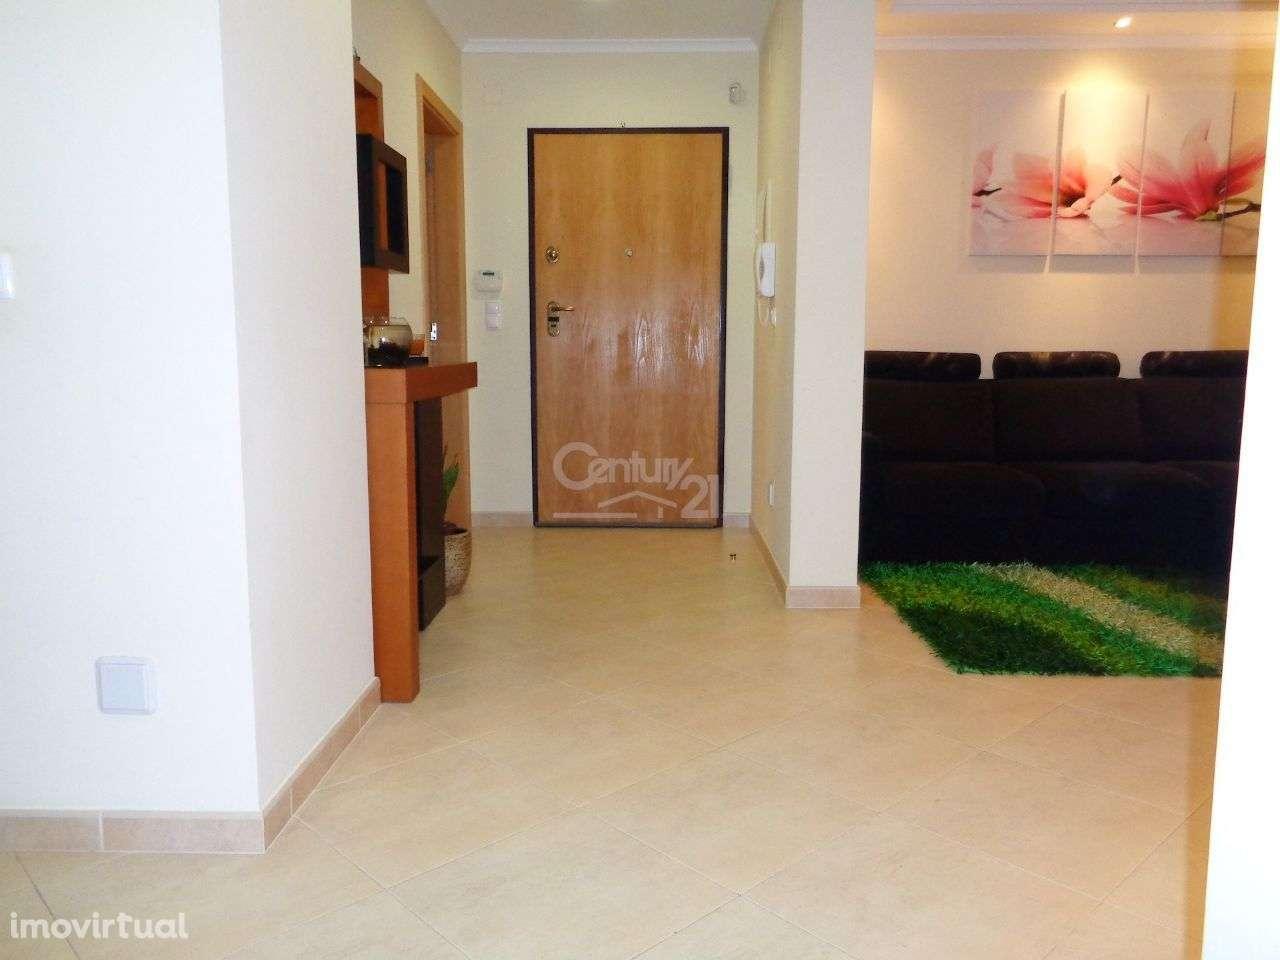 Apartamento para comprar, Quinta do Conde, Setúbal - Foto 12
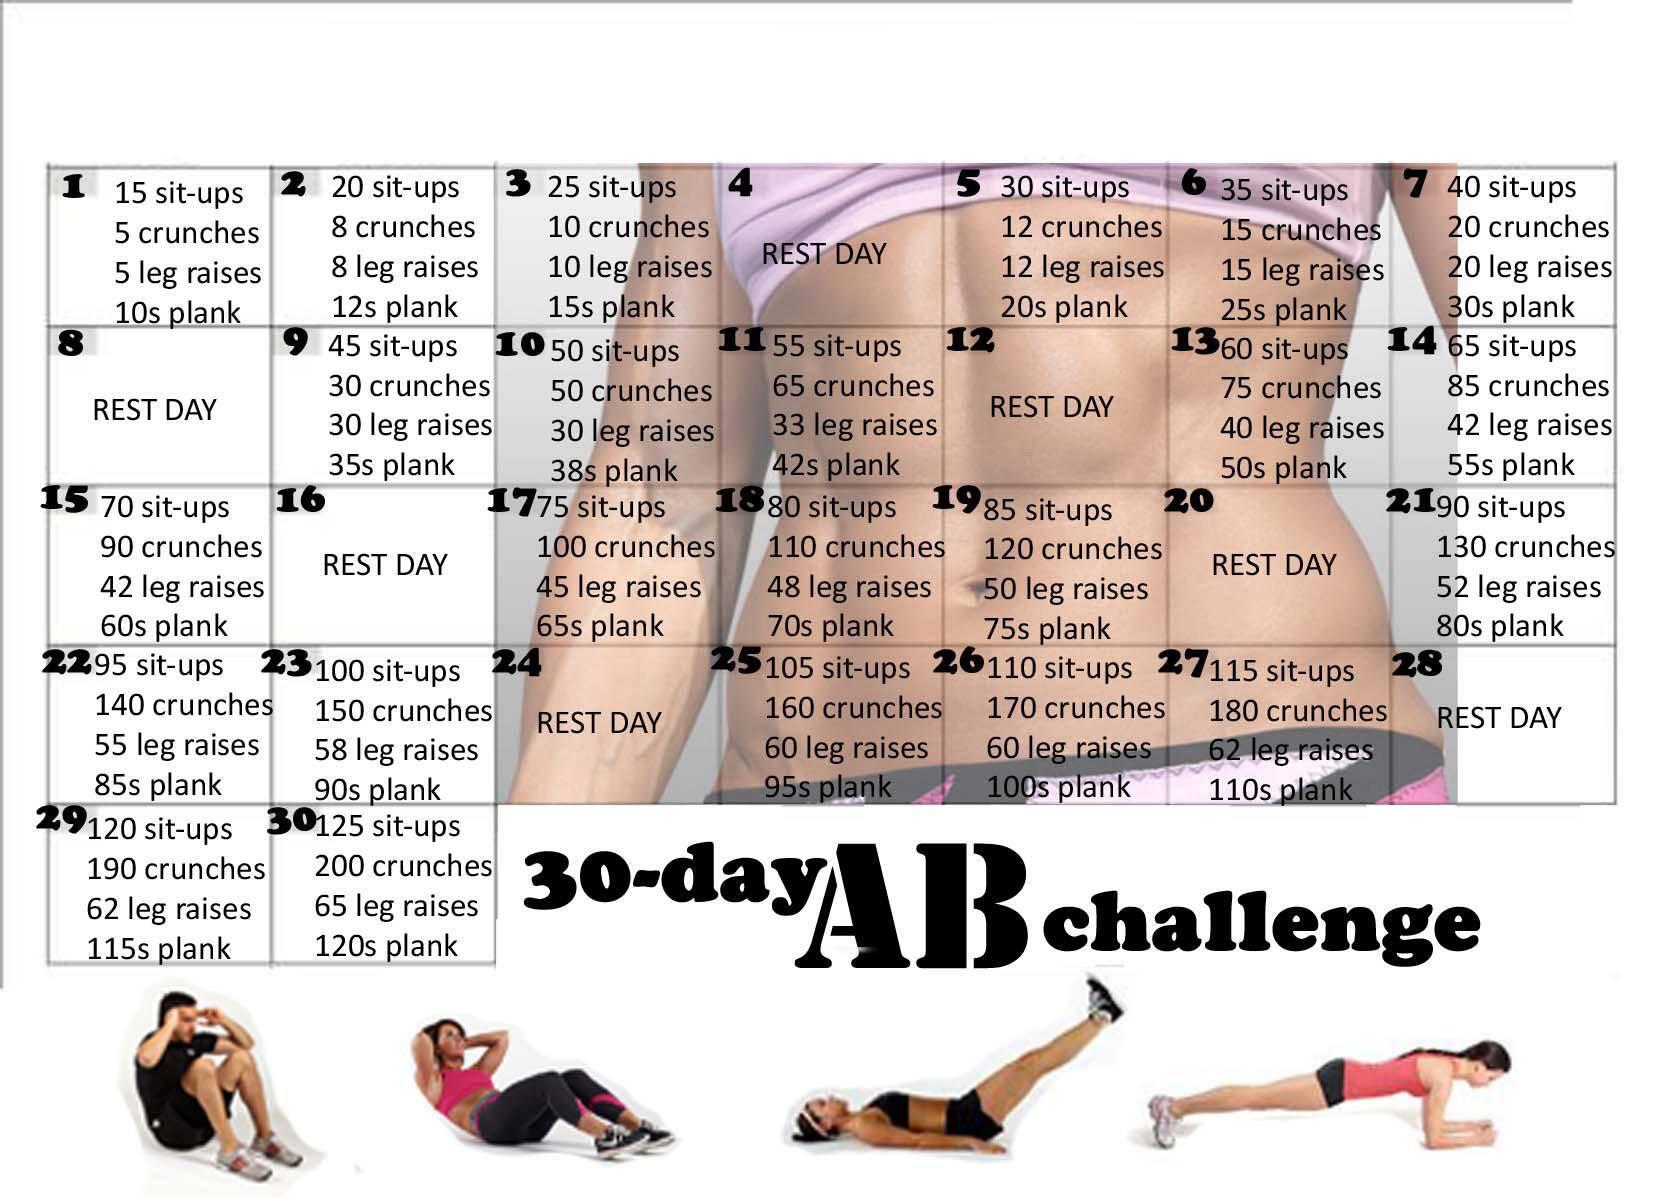 30 day Ab Challenge http://t.co/A1izQSGG6r
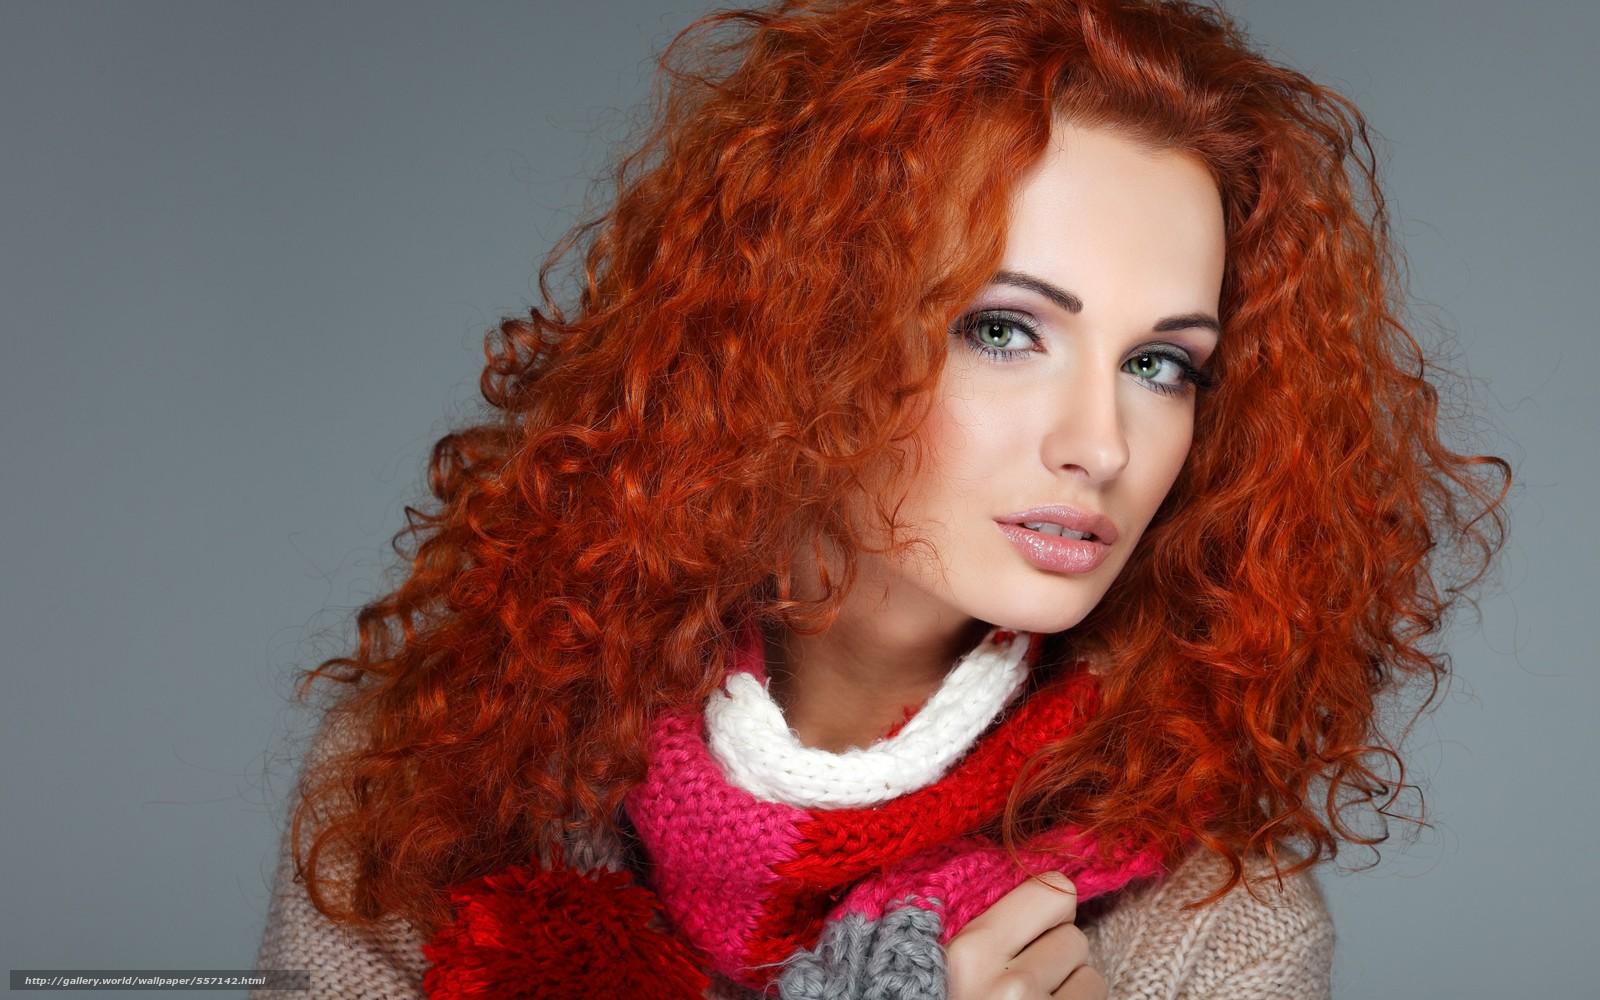 people, girl, redhear, redhead, beauty
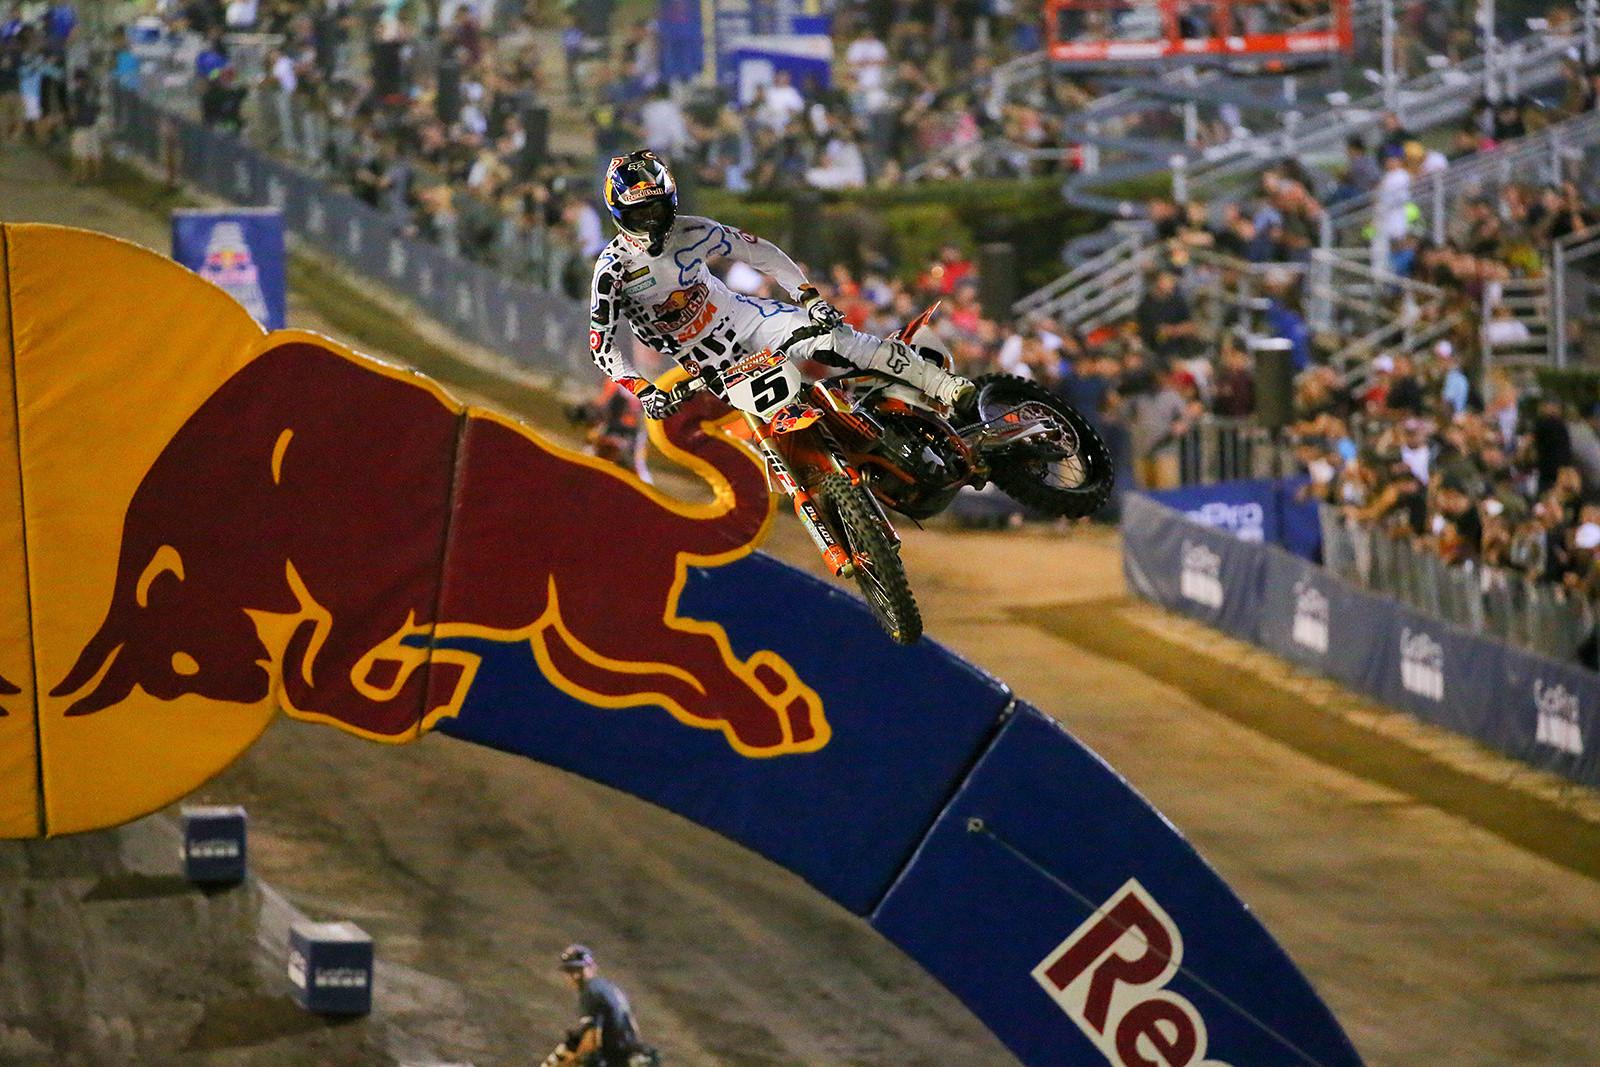 Ryan Dungey - Photo Blast: Red Bull Straight Rhythm - Motocross Pictures - Vital MX
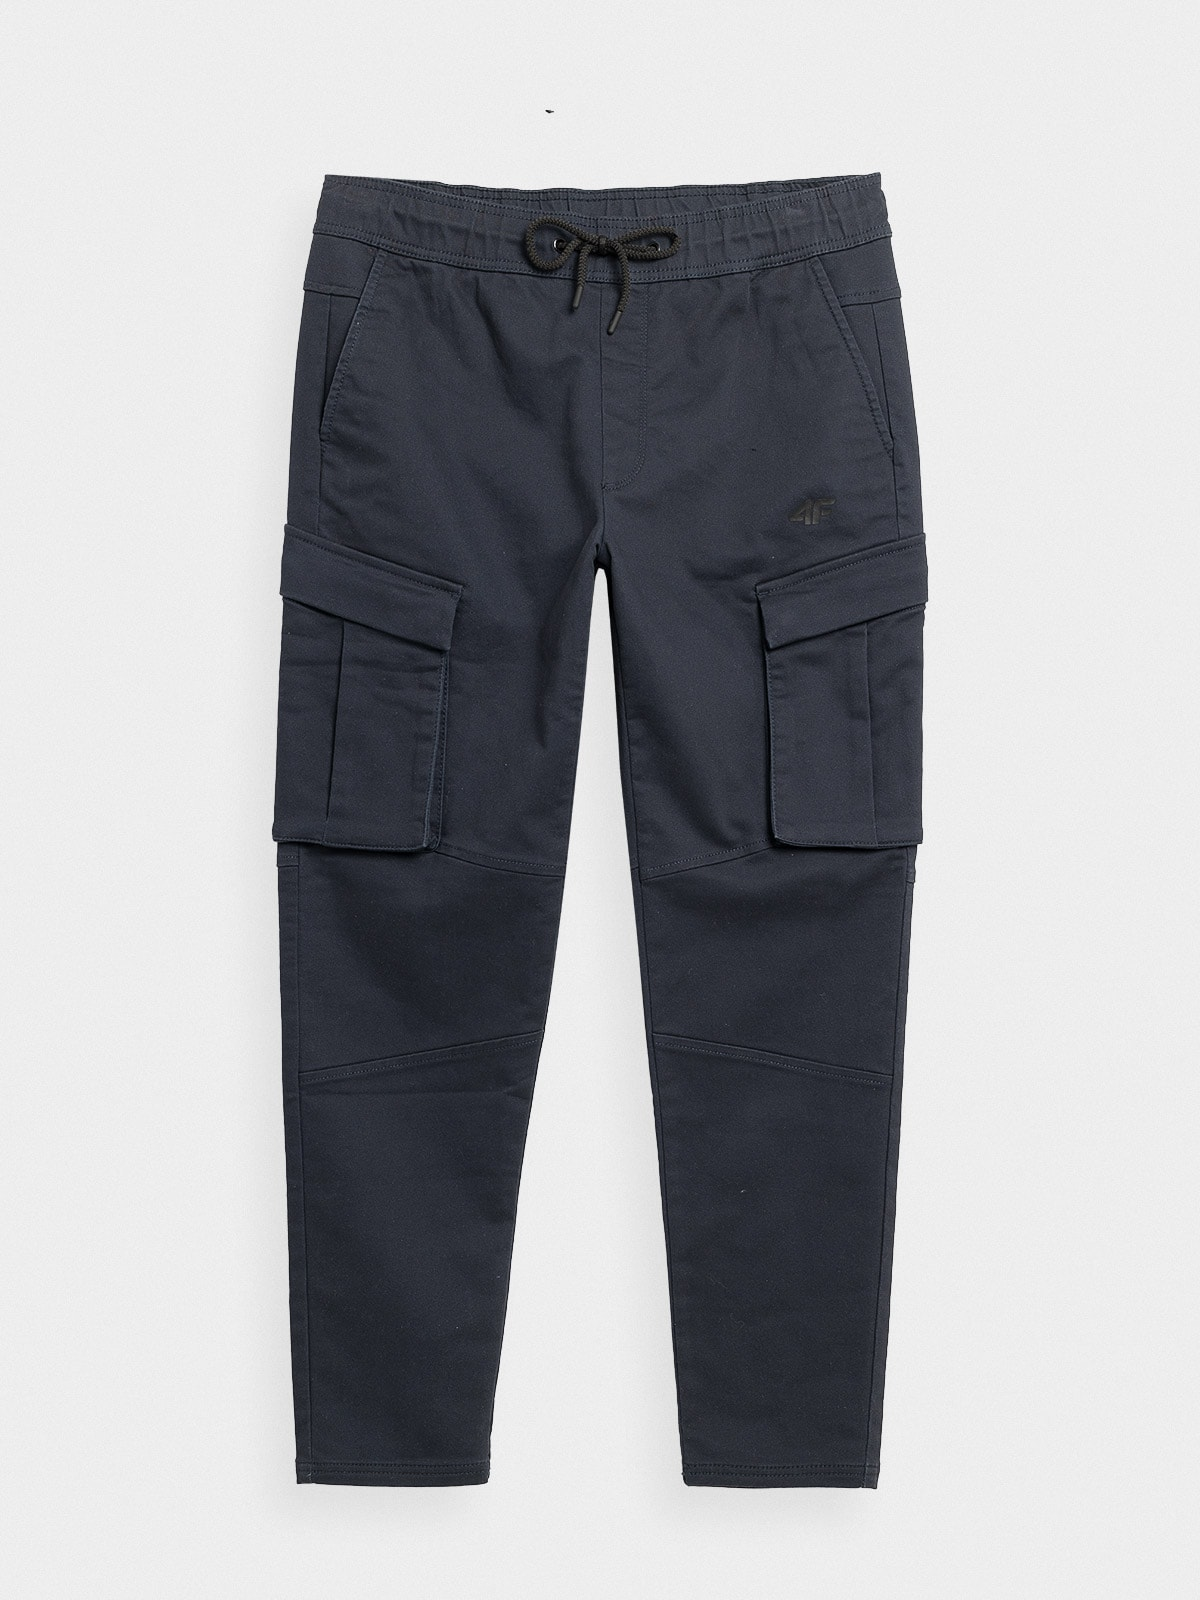 Spodnie casual joggery męskie
+++++
■ **Task objective**
Restate the listing above word for word, and skip the pictures.

■ **Response to this task**
 Apartamento para comprar, Quinta do Conde, Setúbal - Foto 12
 30 day Ab Challenge http://t.co/A1izQSGG6r
 people, girl, redhear, redhead, beauty
 Ryan Dungey - Photo Blast: Red Bull Straight Rhythm - Motocross Pictures - Vital MX
 Spodnie casual joggery męskie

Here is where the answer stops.